The top balanced funds will have all the important qualities that you'll find in any other type of mutual fund. You should only consider no-load funds with low expense ratios when buying index funds. Higher expense ratios can be justified if the funds are actively managed, but there are plenty of very good balanced funds with active management that have low expenses.

What Are Balanced Funds?

Most basic balanced funds contain stocks, bonds, and cash. Some also include precious metals like gold and silver, or even commodities like oil. Investing in balanced funds is like investing in multiple mutual funds at once.


Balanced funds usually have a stated objective that's spelled out in the fund prospectus and can be found online.
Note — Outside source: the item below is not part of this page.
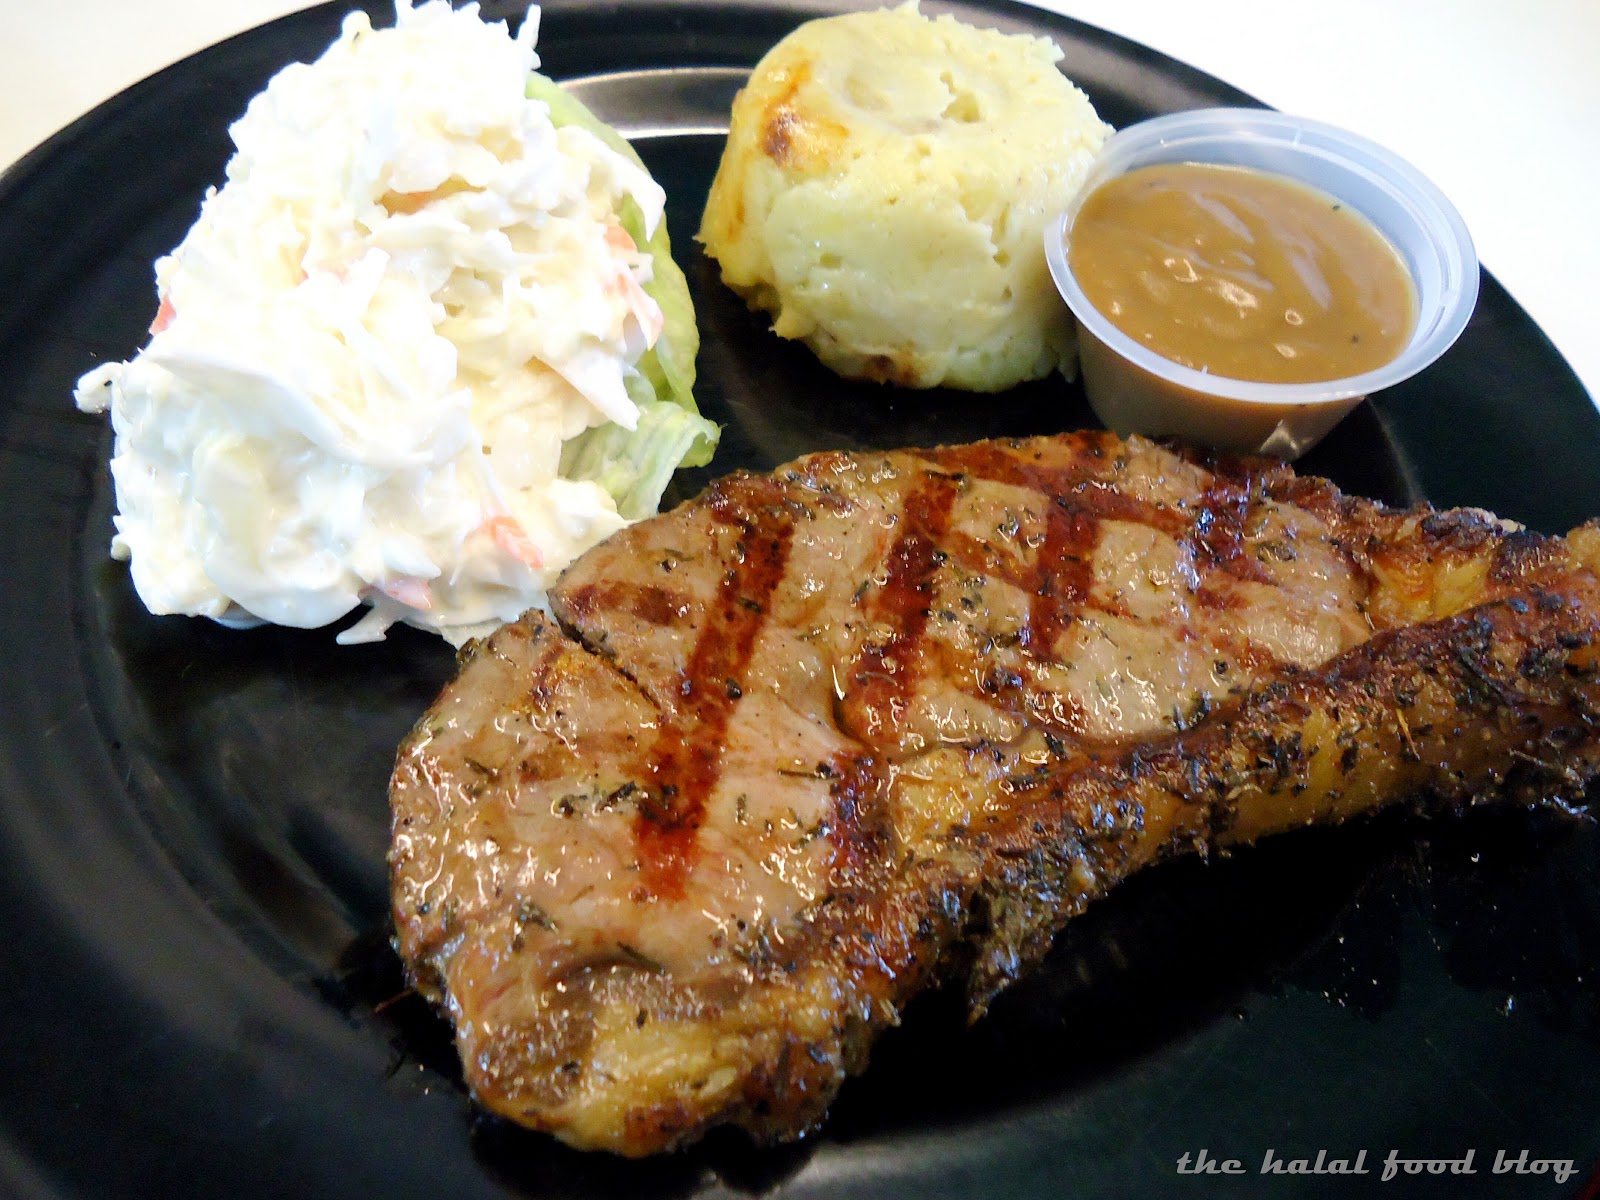 The Halal Food Blog: Botak's Favourites: Sirloin Steak

Check the fund's company website.

Most balanced funds are grouped according to their asset allocation. The three primary categories are conservative, moderate, and aggressive. Conservative funds have an asset allocation of roughly 30% stocks, 50% bonds, and 20% cash. Moderate funds are roughly 65% stocks and 35% bonds. Aggressive funds will have around 80% stocks and 20% bonds.

Who Invests in Balanced Funds?

Balanced funds can be used for a variety of investment objectives, tactics, and portfolio management purposes. They're often used as standalone investments for beginning investors who want to get a good start with diversified mutual funds. They can avoid meeting the minimum initial investment amounts for multiple mutual funds.
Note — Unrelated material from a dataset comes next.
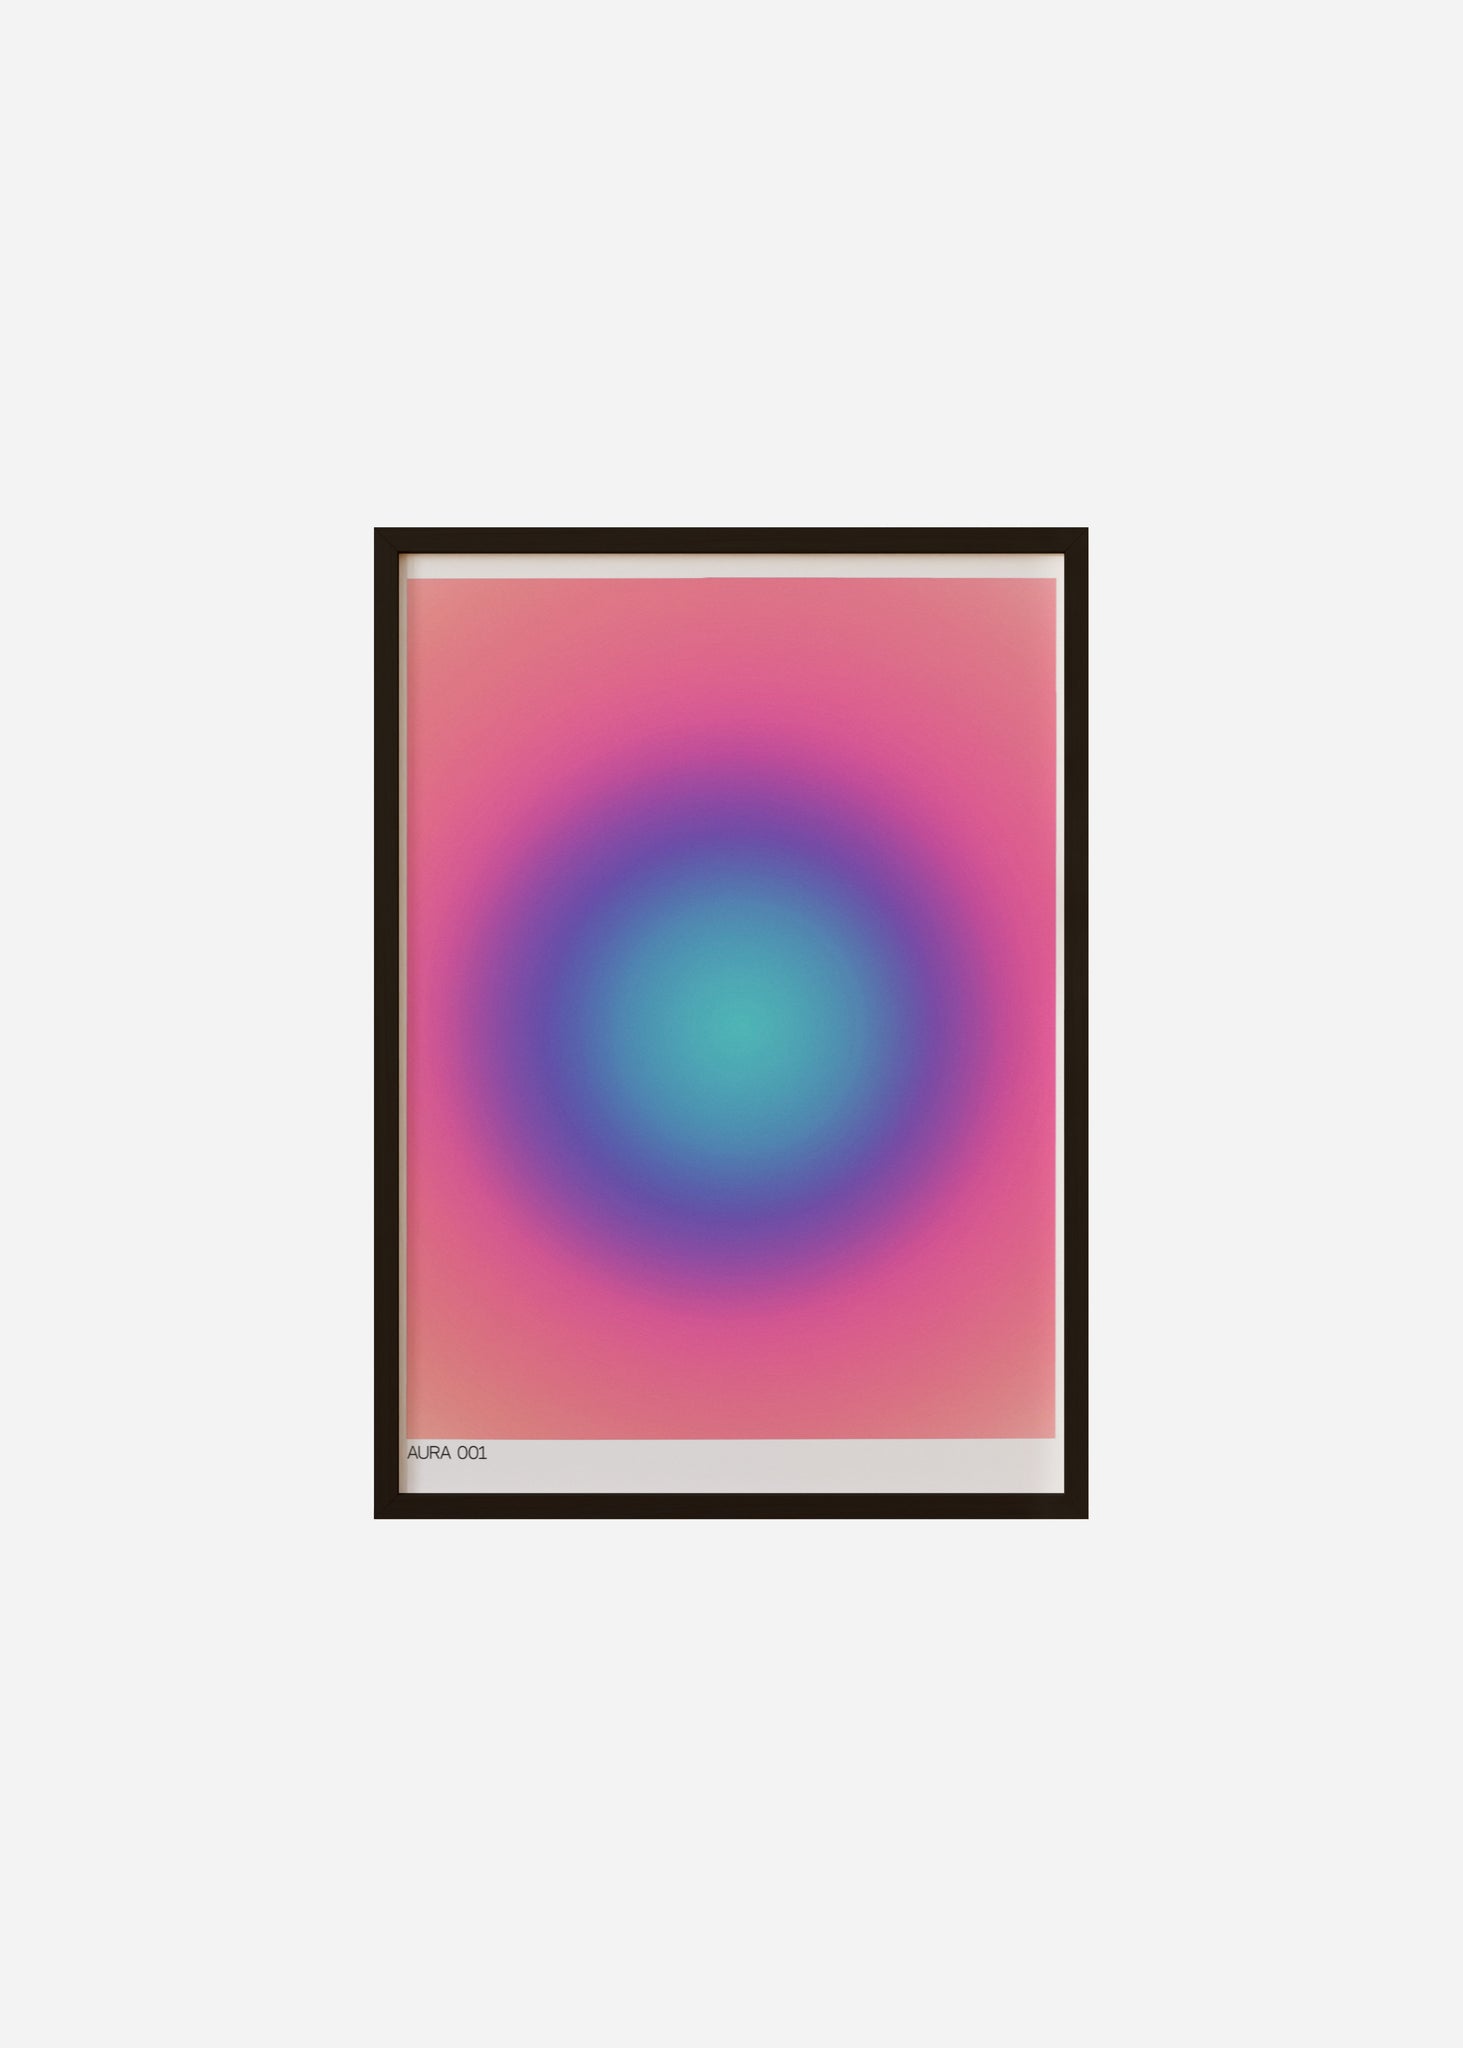 aura 001 Framed Print

You might use balanced funds as core holdings in a portfolio of funds, with several other funds added for diversity. For example, you might allocate the largest portion of your assets to the balanced fund. Then you could build around it with smaller allocations to funds in other categories, such as foreign stock or sectors.

Balanced Funds for the Long-Term

Some conservative allocation funds can be used for short- to intermediate-term investing of one to five years. Most types of mutual funds, including balanced funds, are most suitable for long-term investing of ten years or more. Here are some good options to buy and hold for the long run.

Vanguard LifeStrategy Conservative Growth (VSCGX)

The asset allocation for this fund is about 40% stocks and 60% bonds. It allows for slow but steady growth over the long-term, which makes it a good conservative fund. VSCGX has an expense ratio of 0.12%. The minimum initial investment is $3,000.

Vanguard Wellesley Income (VWINX)

This fund has been around for more than 40 years. It's one of the best conservative allocation funds on the market. The VWINX portfolio's allocation ranges from between 35% to 40% stocks and about 60% bonds. The rest is cash.

Wellesley beats at least 90% of other conservative allocation funds for three-, five-, and 10-year returns. They average is nearly 7%, which matches many funds that invest 100% in stocks. It has an expense ratio of 0.23%, and the minimum initial investment is $3,000.

Vanguard Wellington (VWELX)

This fund has been around since 1929. It's still a solid fund to buy. VWELX is categorized as moderate allocation, because it holds about 65% stocks and 32% bonds. The expense ratio is 0.25%, and the minimum initial investment is $3,000.

Vanguard Balanced Index (VBINX)

Look no further than VBINX if you want a low-cost, no-load index fund that holds a moderate mix of stocks and bonds. With a low expense ratio of 0.18% and a balance of 60% stocks and 40% bonds, VBINX makes for a very nice core holding in a diversified portfolio. It can also serve as a standalone investment for beginners.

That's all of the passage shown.